# SDX15 Quartet Build - Unimpressed. Suggestions?



## RossMc (Dec 27, 2009)

I finished up the build and have just been testing it the last couple of days. Two thoughts.

1st - The amp seems to rattle.
2nd - It doesn't seem to have much output before the amp goes into clipping. 

I've placed it next to a 10 year old Mirage 10" I have wanted to replace and it honestly will not get louder. 

I have it wired in series off the 1000 watt Parts Express HPSA1000 amp. This sub is dual 2 ohm right? So series should be putting me at 4 ohm on the amp?

I built the standard 24" cube recommended in the diagram, but am very dissapointed. Does anyone else have any experience with this build or thoughts on what I might check?

Also, any tips on quieting down the rattling of the amp would be appreciated too.


----------



## mdrake (Jan 31, 2008)

Honestly it sounds like the amp might have a problem, if it is rattling. 

I suggest calling support and getting their input. 

Matt


----------



## ironglen (Mar 4, 2009)

Is the box airtight? If you push on the driver cone (carefully) do the radiators move, or vice versa? They should, even pushing lightly. The amp should have weatherstripping around the edge too, to seal. Is the amp vibrating, or is the noise internal?

I believe the sdx is 4 ohm series- do you have it wired that way? If all is right, that thing should be knocking your socks off.
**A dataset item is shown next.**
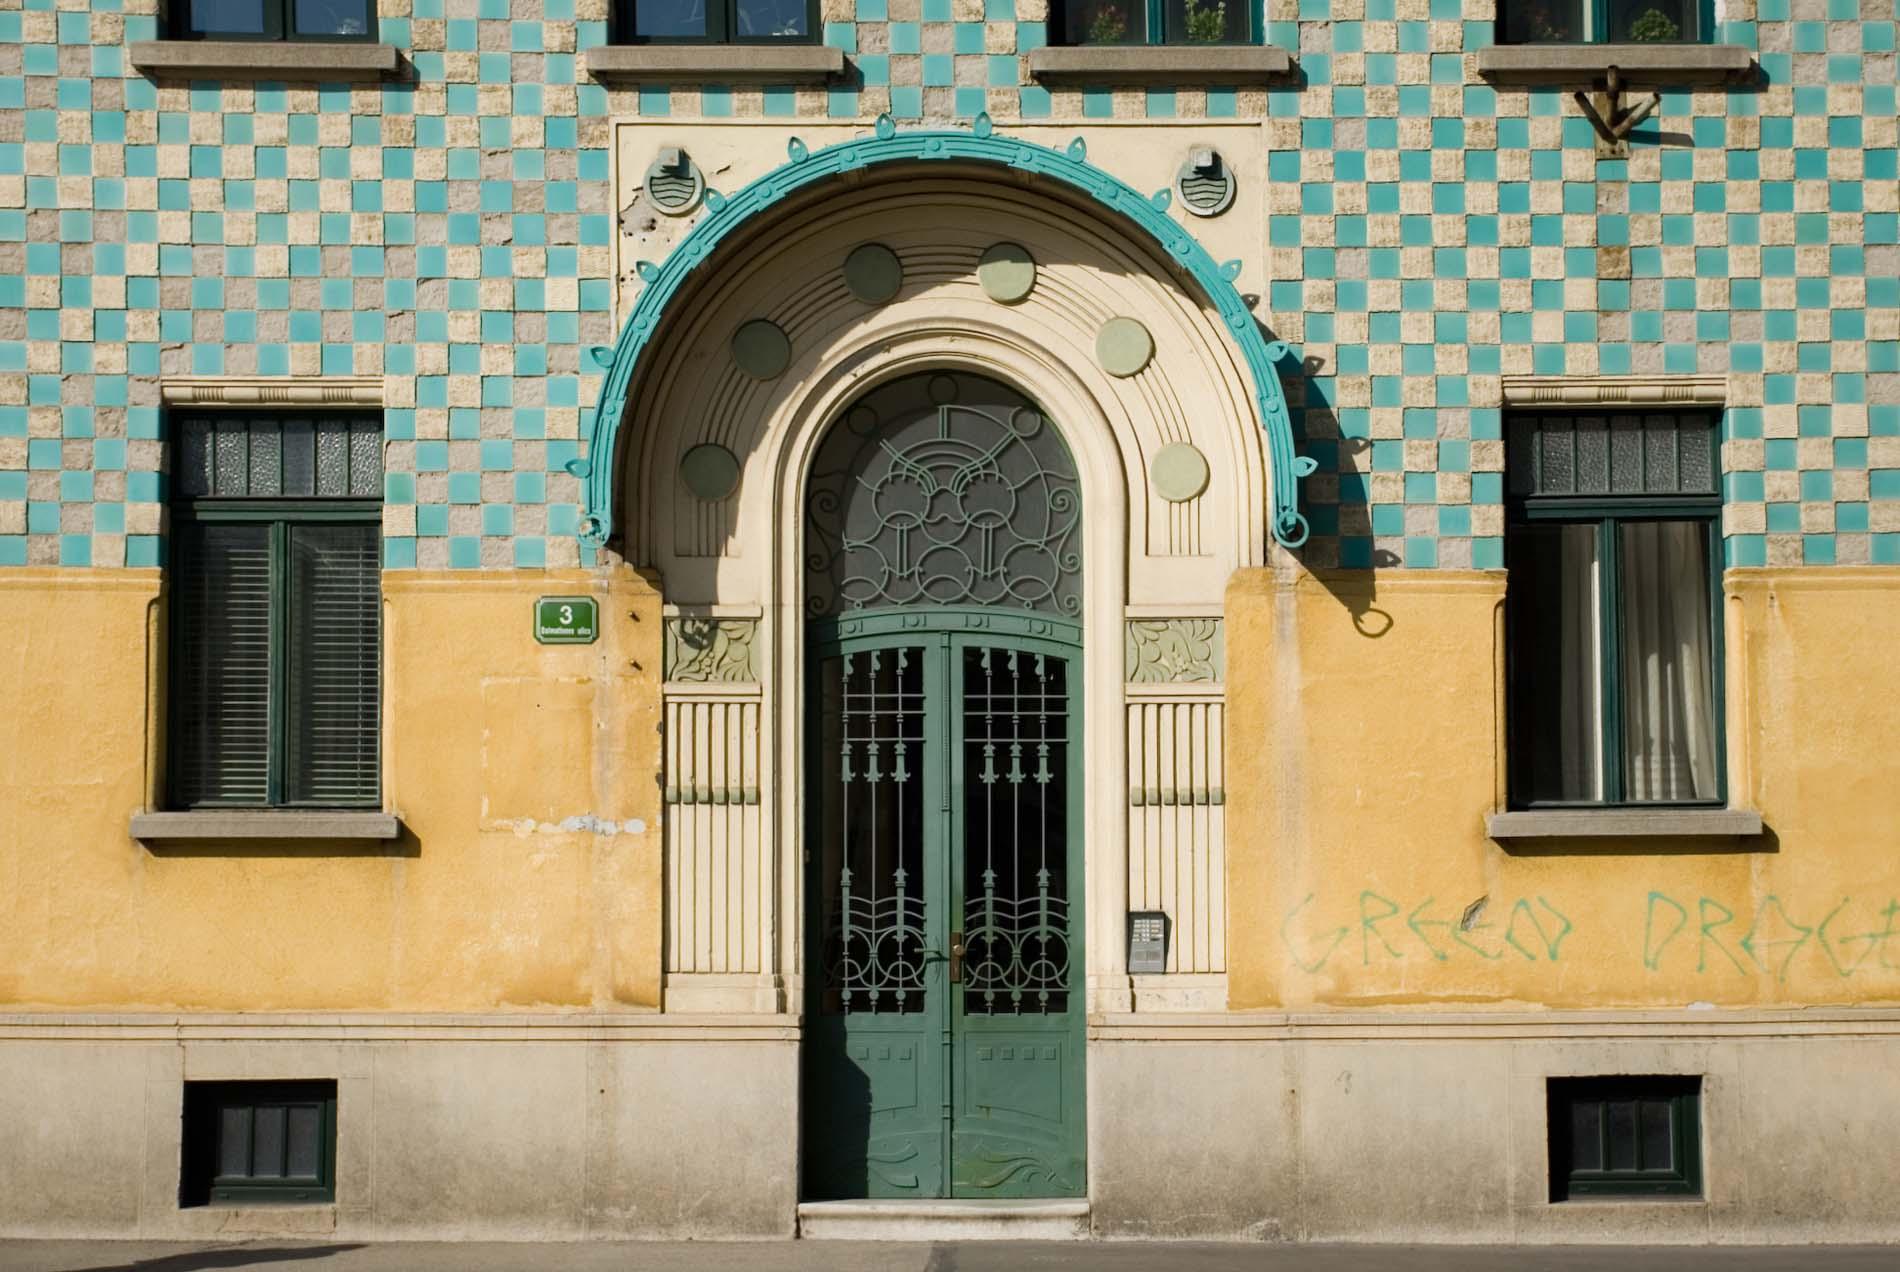 Spielerisch. Um die Wende vom 19. zum 20. Jahrhundert trat in Ljubljana ein neuer Architekturstil auf. Der Jugendstil ljubljanischer Prägung stand unter dem Einfluss der Wiener Sezession. Das Gebäude ist in der Dalmatinova ulica.

If you've checked/done all this, then you've probably got a problem. Keep us informed.


----------



## RossMc (Dec 27, 2009)

I do have it wired in series to produce a 4-ohm load. And the box is airtight. Not my prettiest box ever since it is just going behind my screen wall, but definitely airtight.

The rattle on the amp seems to be inside the box, it does have the weather stripping and the outside is not vibrating, but there is a definite noise inside the amp when the bass hits. And the clipping meter on the amp is coming on very early.

I will call CSS today. I definitely was expecting more, hopefully it is just the amp.


----------



## Mike P. (Apr 6, 2007)

> I've placed it next to a 10 year old Mirage 10" I have wanted to replace and it honestly will not get louder


. 
If the box and components are well sealed then possible problems are the voice coils or the amp. You should verify the coils are both working. If that checks out then I'd say thet amp is the issue.
​


----------